Q9: Why did `docker model configure --context-size ...` crash my vllm-metal runner?

Some docker model configure options are passed through to the underlying engine. If a runner build doesn’t support a particular flag (for example a --max-model-len mapping), model load can fail.

Reset the model config back to empty and retry:

docker model configure hf.co/mlx-community/Mistral-7B-Instruct-v0.3-4bit

You can confirm what’s currently set via:

docker model configure show hf.co/mlx-community/Mistral-7B-Instruct-v0.3-4bit

Also note: docker model configure only updates per-model runtime config. It doesn’t “keep the model running”. If your model disappears from docker model ps, reload it with:

docker model run -d hf.co/mlx-community/Mistral-7B-Instruct-v0.3-4bit

Q10: What’s the difference between Docker Model Runner and Ollama?

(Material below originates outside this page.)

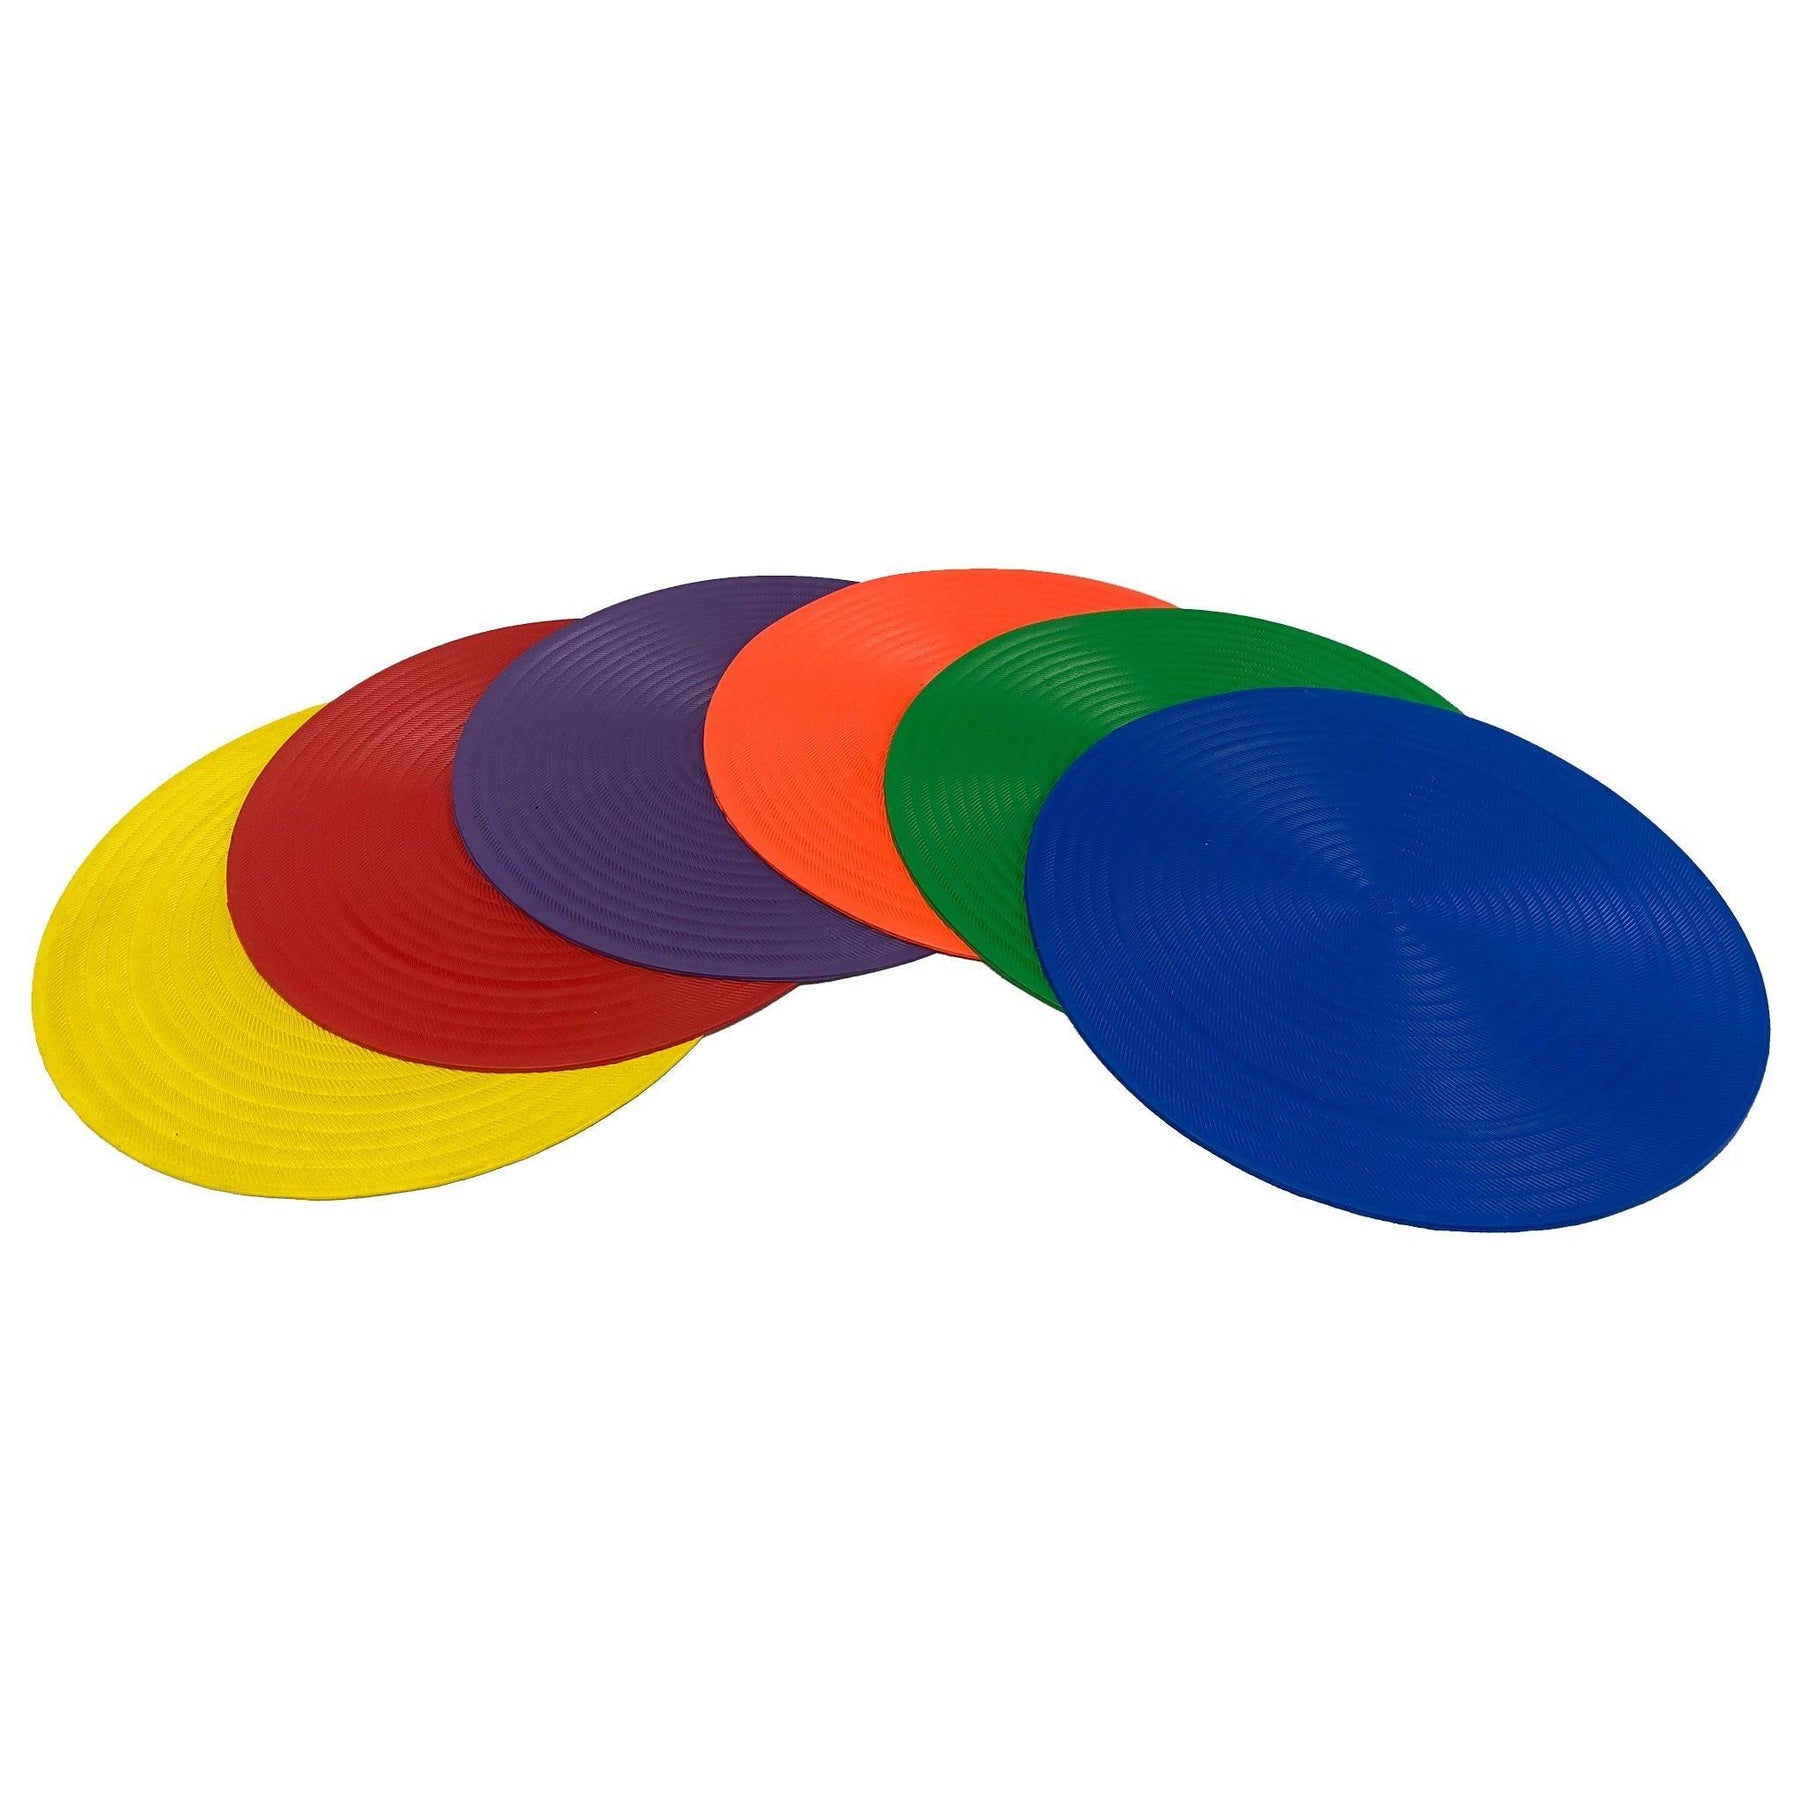 Marking Spot Discs (set of 6) - Nordic Sport Australia Pty Ltd

They overlap (both can run LLMs locally), but they optimize for different workflows:

Docker Model Runner: integrated into Docker Desktop, routes requests to different engines depending on model/hardware (llama.cpp, vllm, and on Apple Silicon the vLLM path uses vllm-metal for MLX models). When your model is on the vllm backend, you also get vLLM’s serving optimizations like a request scheduler with continuous batching, efficient KV cache management (PagedAttention), and prefix caching support. It’s a good fit when you want an OpenAI-compatible /v1 endpoint that works cleanly with containers and local dev tools.
Ollama: a standalone local model runtime/daemon with its own model packaging workflow (Modelfiles). It’s a good fit when you want the simplest “pull + run” local experience and you’re building around the Ollama ecosystem and APIs.